▸ **Exercise**: The result should be the listing below restated word for word, with images left out.

▸ **Recorded information**:
>>>

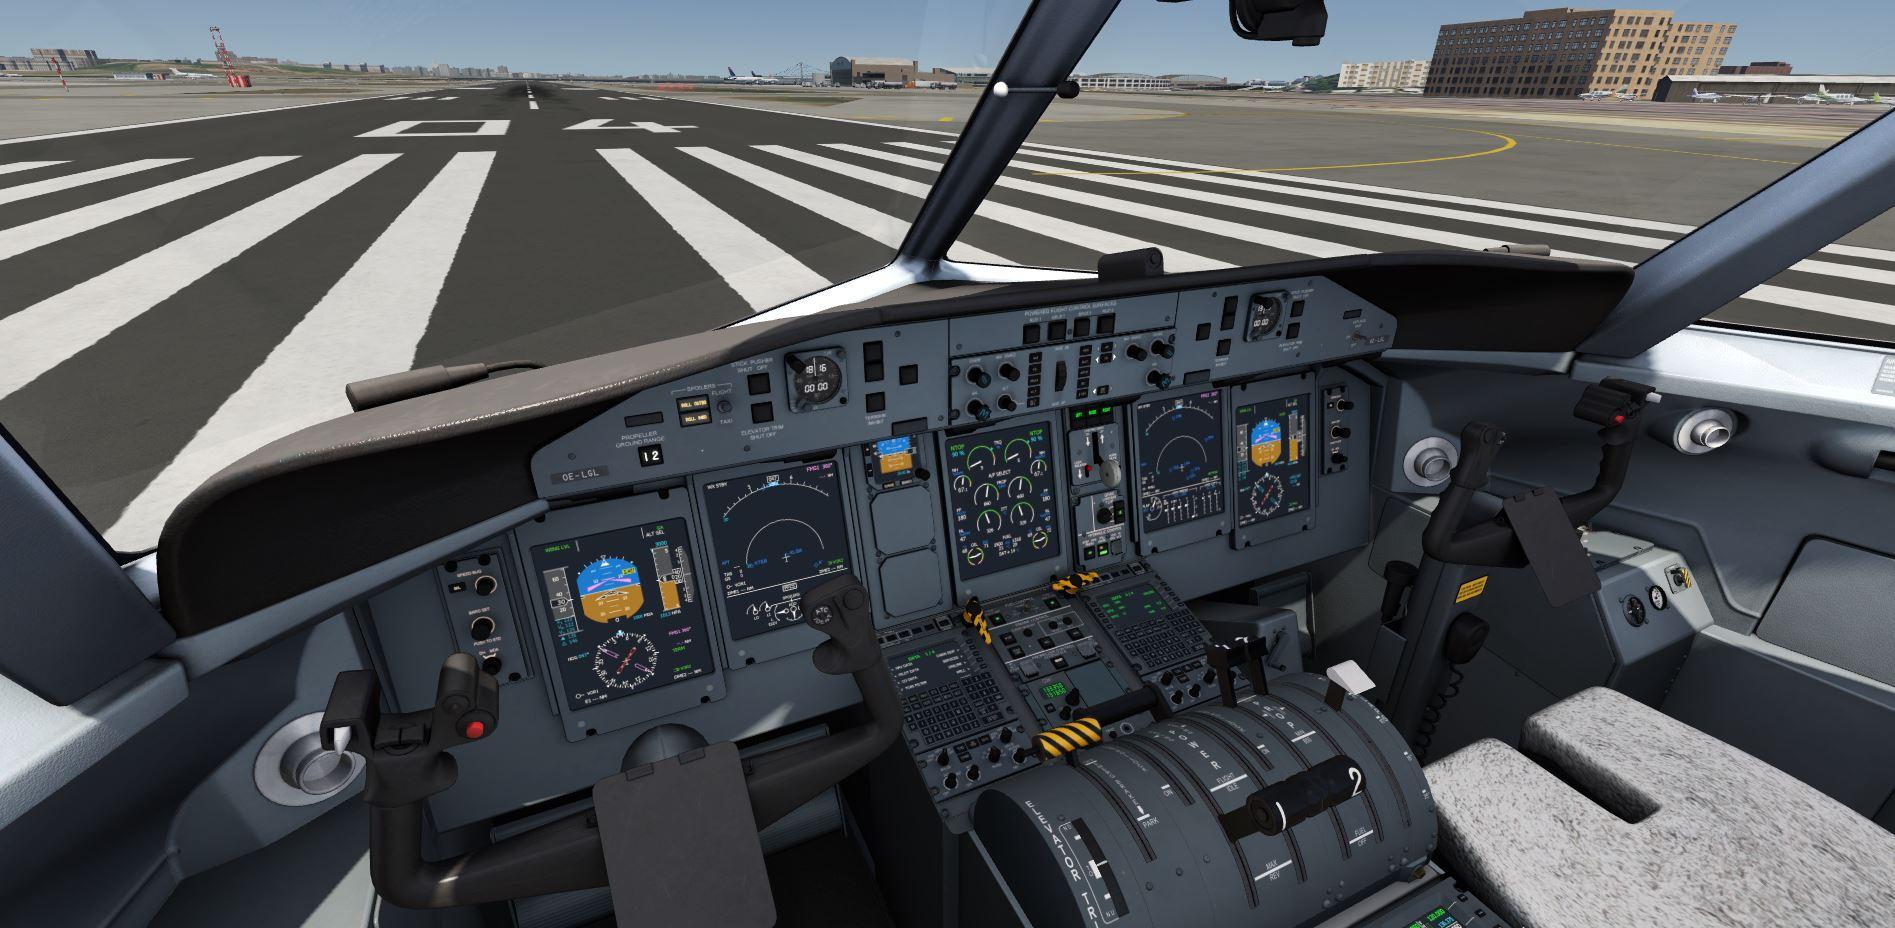 aircraft dash8 q400 flight deck rh aerofly com HP NC4200 User Manual
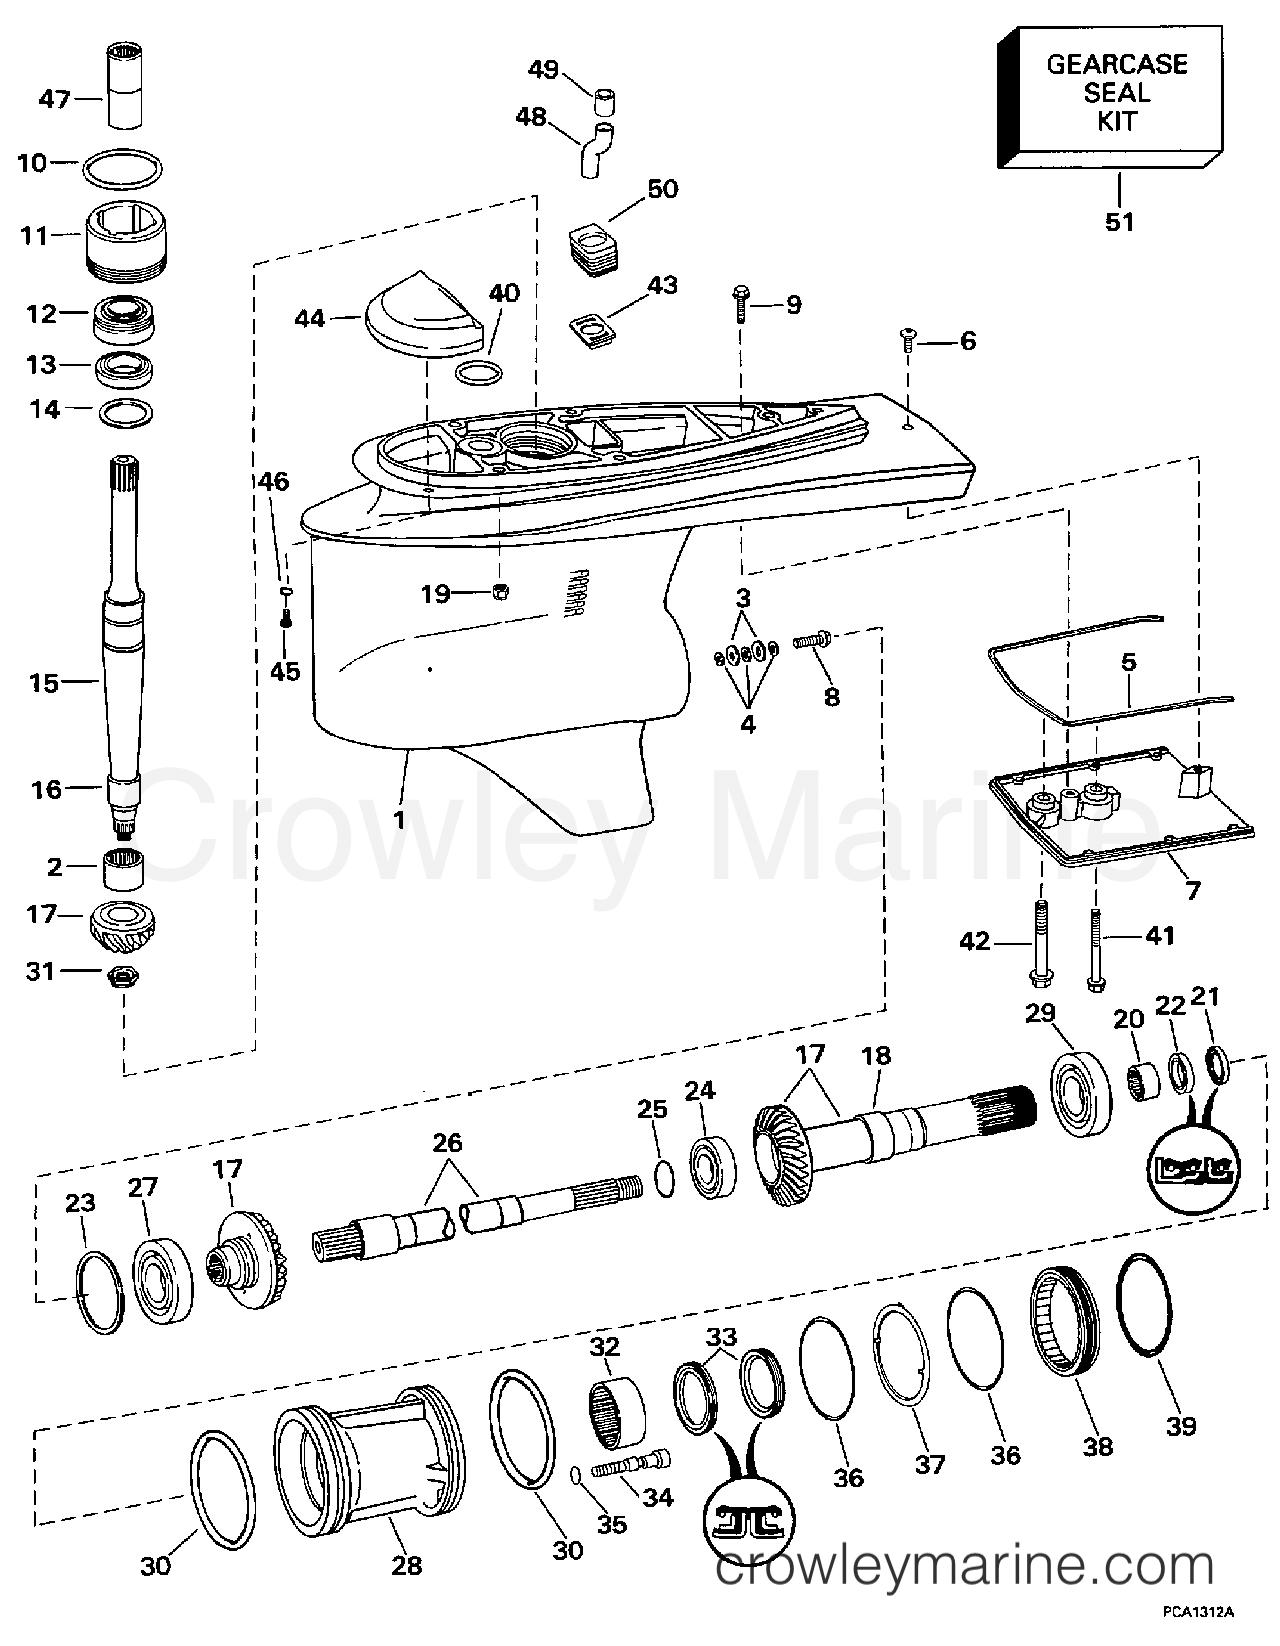 1997 OMC Stern Drive 7.4 - 744FPLKD LOWER GEARCASE - DUAL PROP section
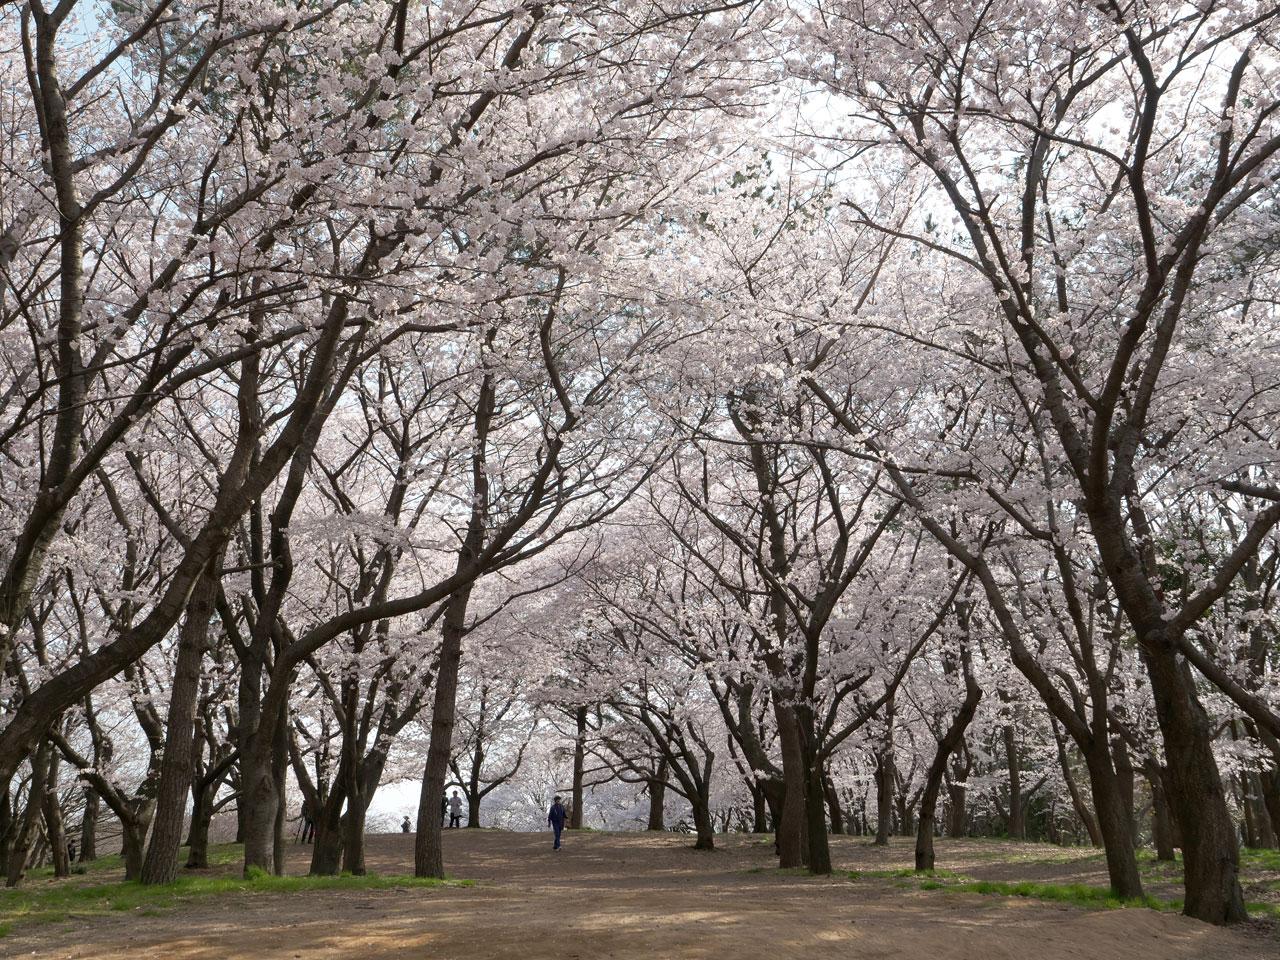 鳥屋野潟公園の桜1:LUMIX DMC-G99+LEICA DG VARIO-ELMARIT 12-60mm/F2.8-4.0

<<<

▸ **Exercise solution**:
 aircraft dash8 q400 flight deck rh aerofly com HP NC4200 User Manual
 1997 OMC Stern Drive 7.4 - 744FPLKD LOWER GEARCASE - DUAL PROP section
 鳥屋野潟公園の桜1:LUMIX DMC-G99+LEICA DG VARIO-ELMARIT 12-60mm/F2.8-4.0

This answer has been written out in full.